*DATASET*.

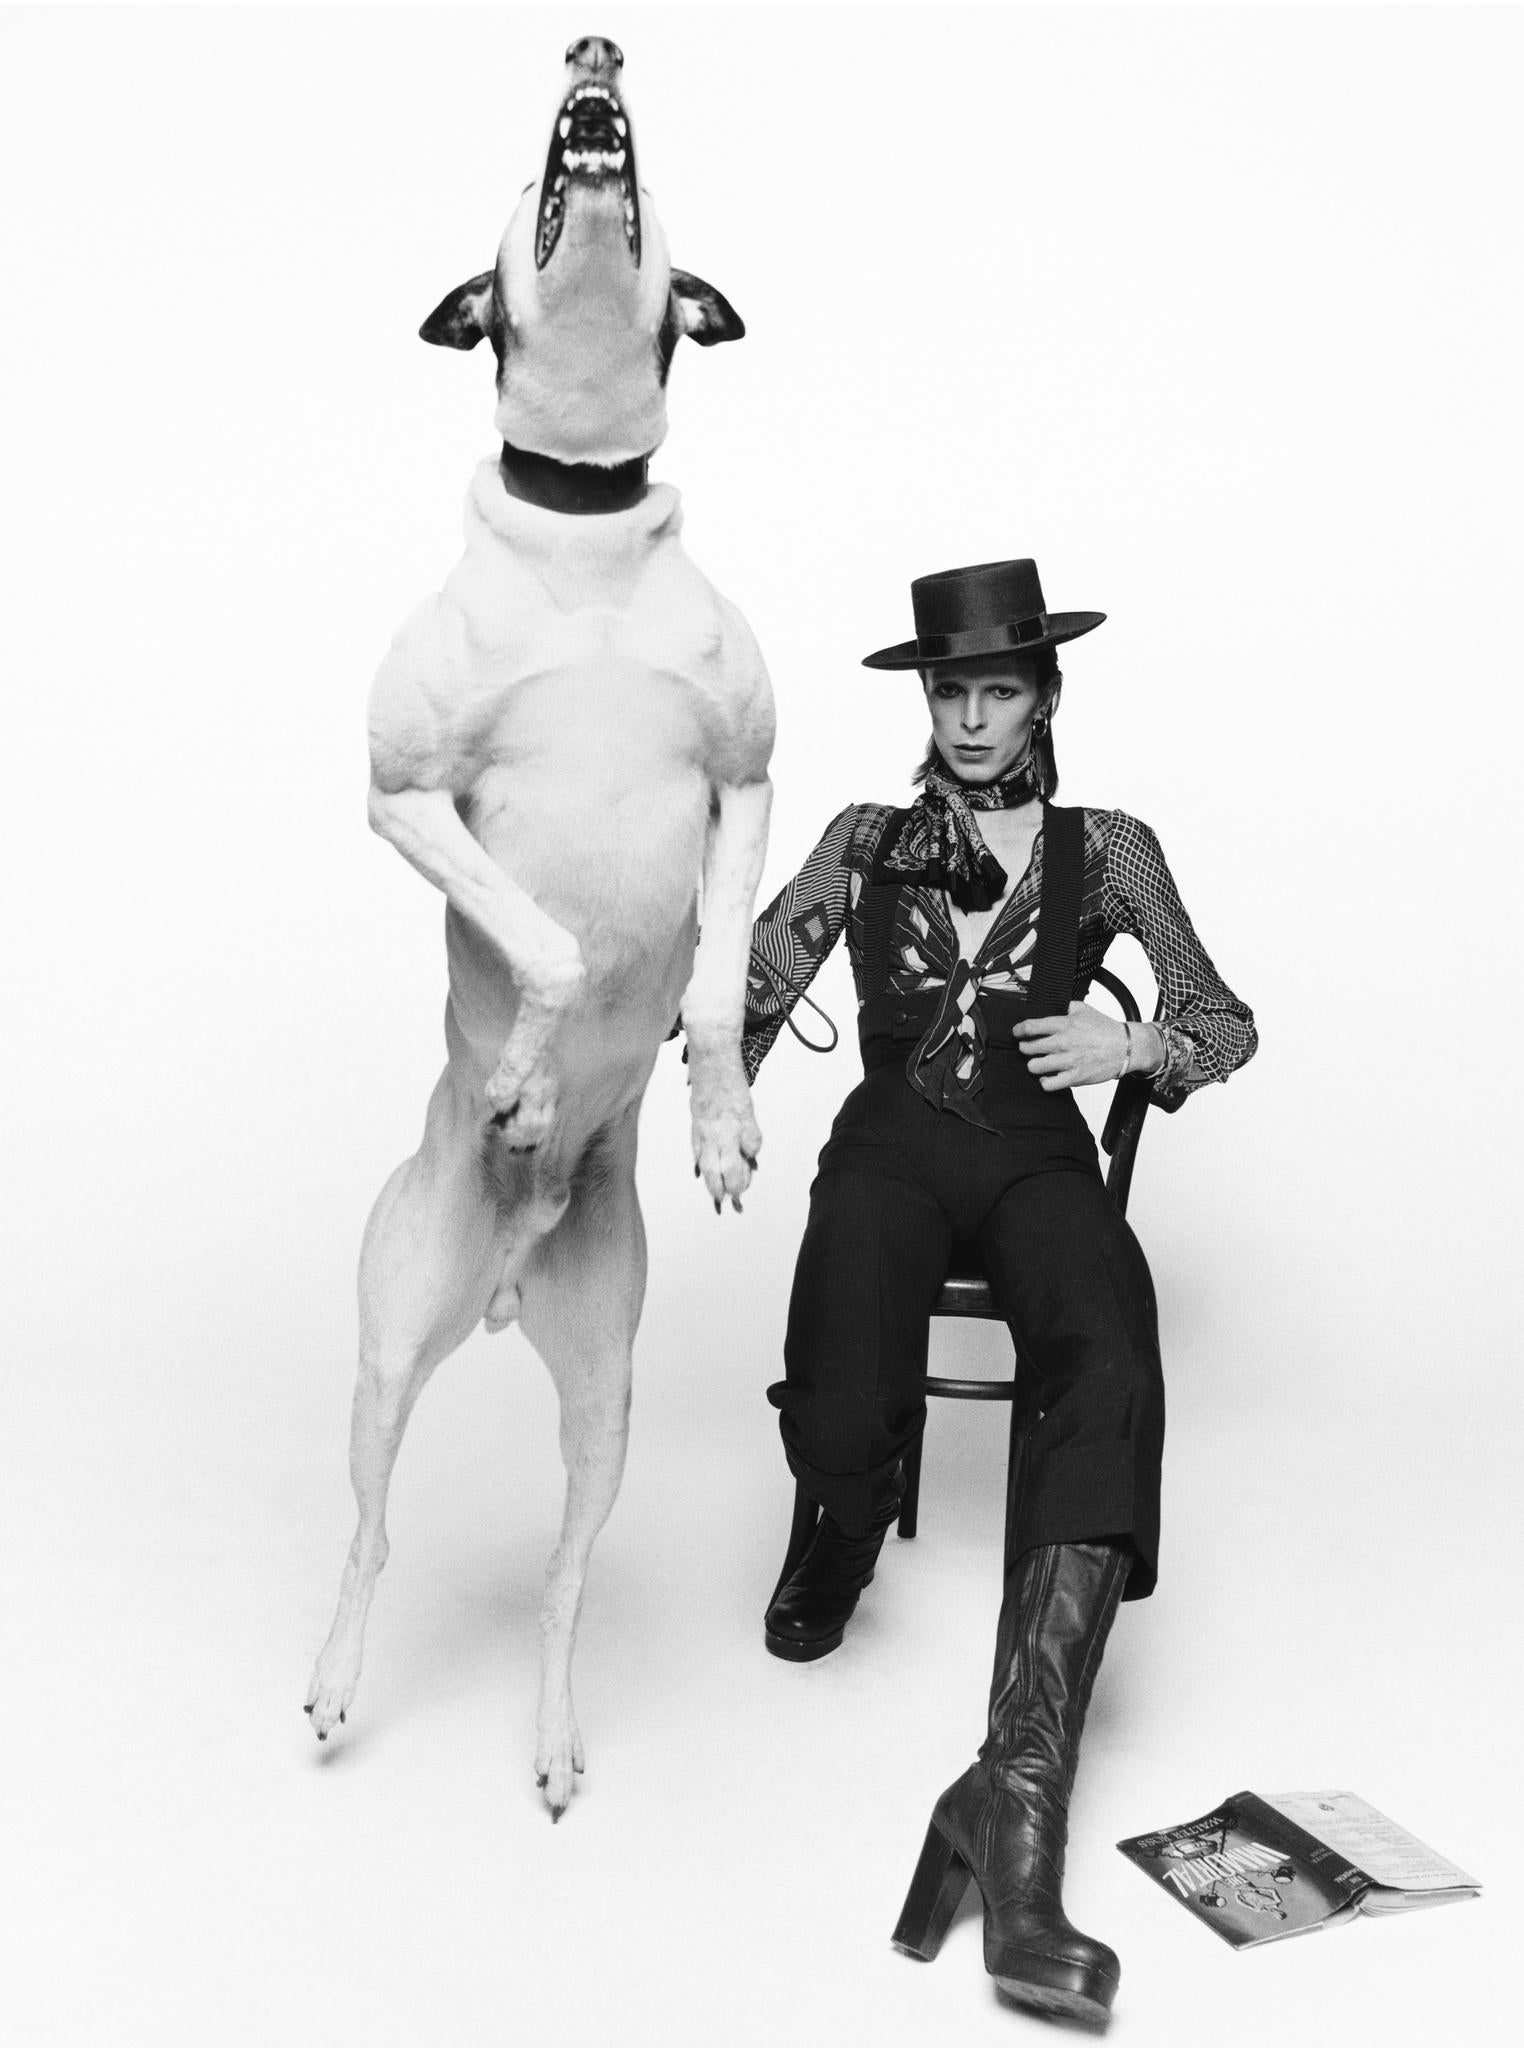 David Bowie bei der Arbeit an dem Albumcover für Diamond Dogs, London - Terry O'Neill
Signiert und nummeriert
Silber-Gelatine-Druck
16 x 12 Zoll - £6,000
34 x 24 Zoll - £18.000
40 x 30 Zoll - £24.000
Ab einer Auflage von 50 + 10 APs

Terry O'Neill
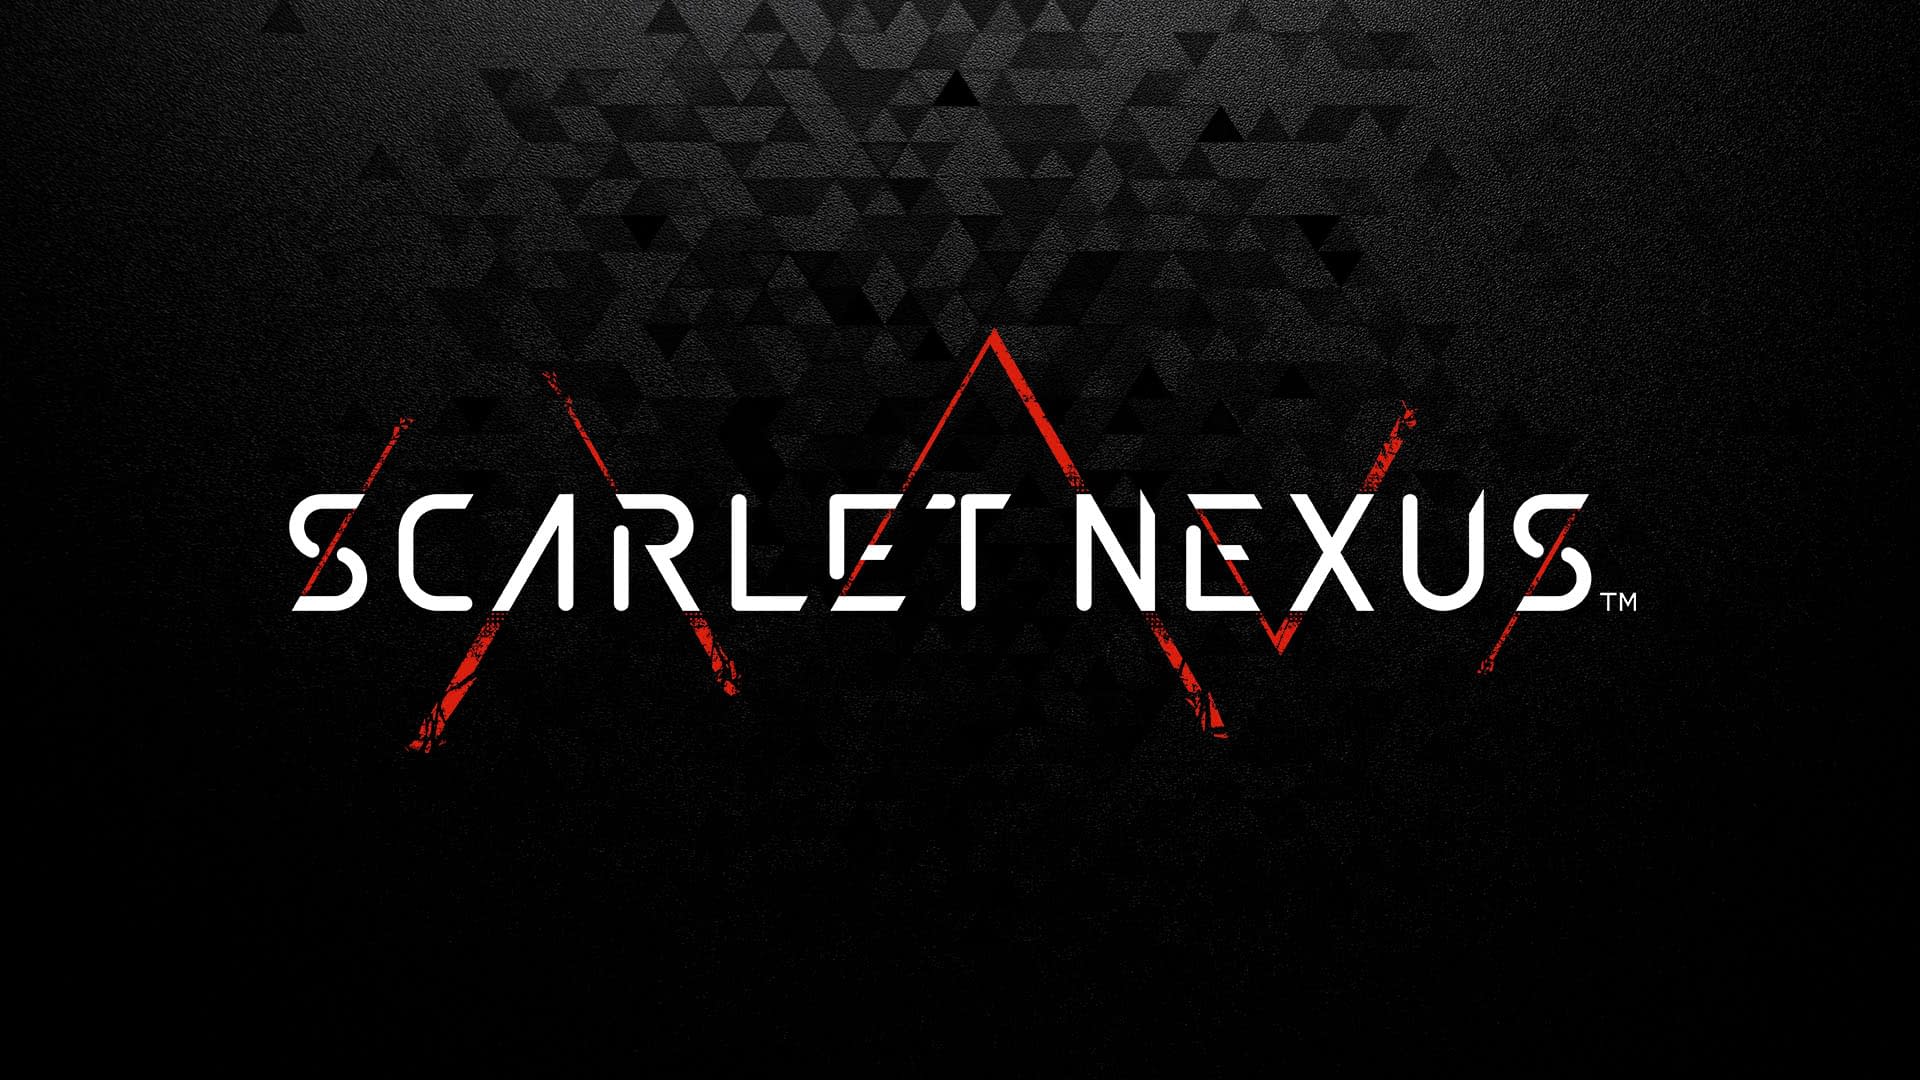 Scarlet Nexus HD wallpaper  Peakpx

*WHAT YOU HAVE TO DO*. For each line of the material that includes the word "Zoll", make a copy.

*ANSWER*.
16 x 12 Zoll - £6,000
34 x 24 Zoll - £18.000
40 x 30 Zoll - £24.000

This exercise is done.